Вошли первые люди. Леонид Разыграев, тридцатилетний крепыш, приехал в Москву из сибирского Ангарска. Он открыл тут небольшое дело: поставил жену торговать мехом на рынке. В метро увидел наклейку «За Родину!». Боксер, восьмой ребенок в семье, раньше Разыграев был бандитом, и в спине, под лопаткой, у него сидела пуля. Залихватский, голодный до подвигов, он уже через день включился в работу. Шурандин назначил Леню начальником «отдела регионов». Как-то Леня показал альбом с фотографиями своей юности. Было много групповых снимков, таких, на которых в обнимку стоят по восемь-десять друганов. «Этот убит, этот убит, этому пожизненно дали, тоже пожизненно, в бегах, и этот убит…» – простодушным пальцем тыкал в лица Леня. Выходило, он единственный из той ангарской группы, кто избежал тюрьмы, бегства и смерти.
Пришел
Федор,
бывший
певец,
невысокий
и
плотный,
хрипловатый и покладистый. В морщинистой, видавшей виды косухе. Он дымил трубкой. Показывал огромные пожелтевшие афиши, на которых он скалился между бородатыми Сциллой и Харибдой –слащаво-зловещим металлистом Пауком и вытаращенным очкастым рокером Летовым.
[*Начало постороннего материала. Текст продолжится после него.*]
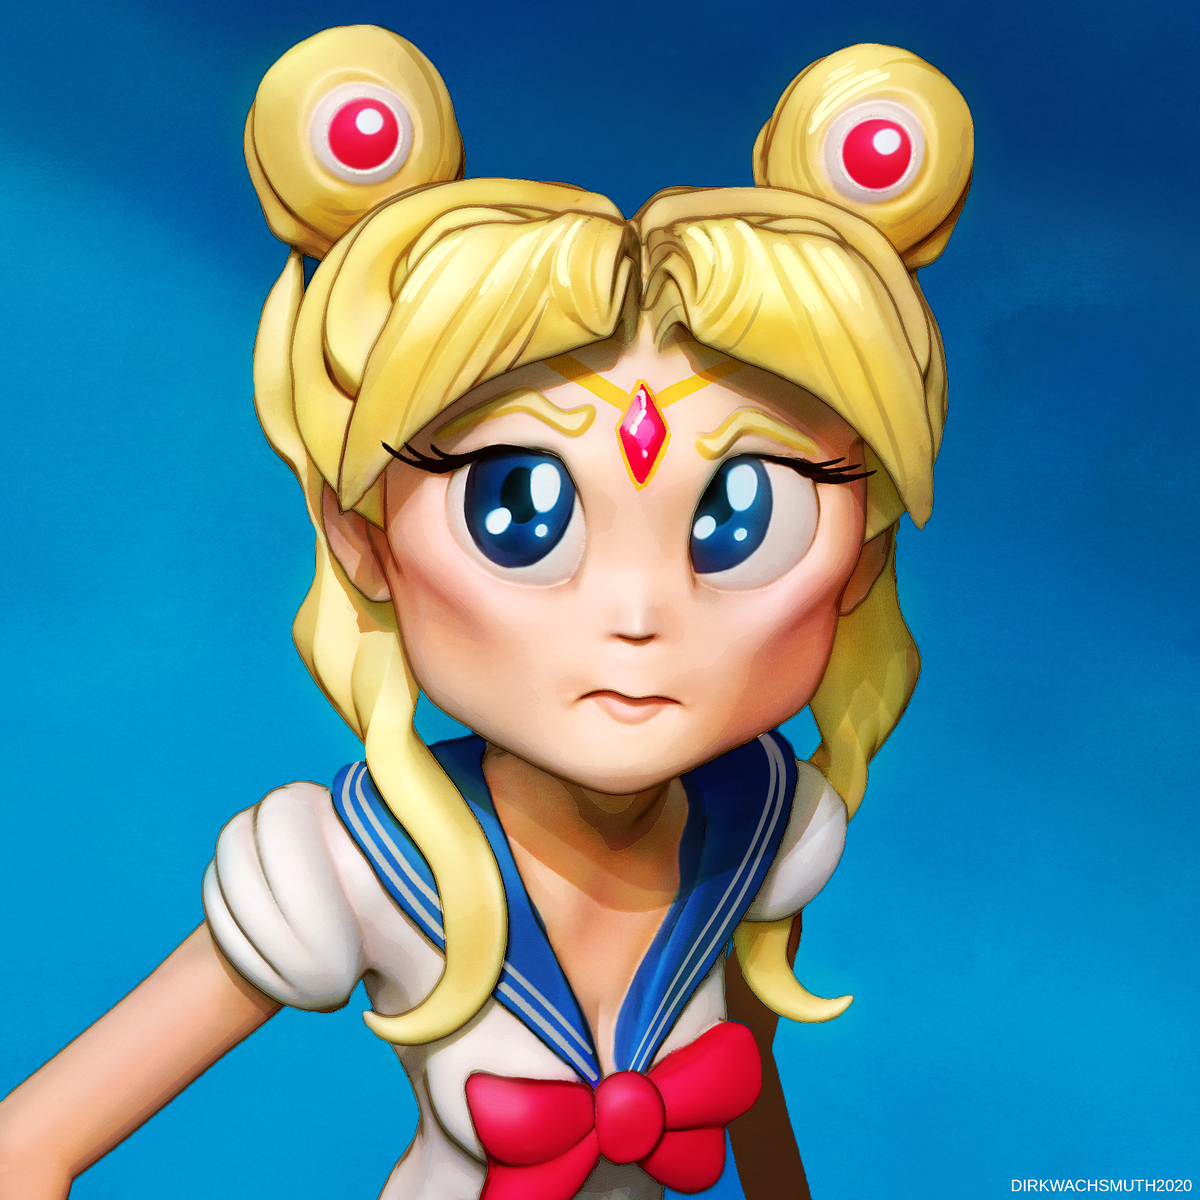 Sailormoon_compo_comicstyle_4web

Явился Миша Боков, взвинченный, худощавый, лязгавший челюстями, громко выдававший речи с наукообразными словами, вдобавок с неправильными трогательными ударениями. Недавно он вернулся из армии, из танковой части города Дзержинска. В армии он служил офицером-добровольцем, до этого закончив МГУ и получив красный диплом физика.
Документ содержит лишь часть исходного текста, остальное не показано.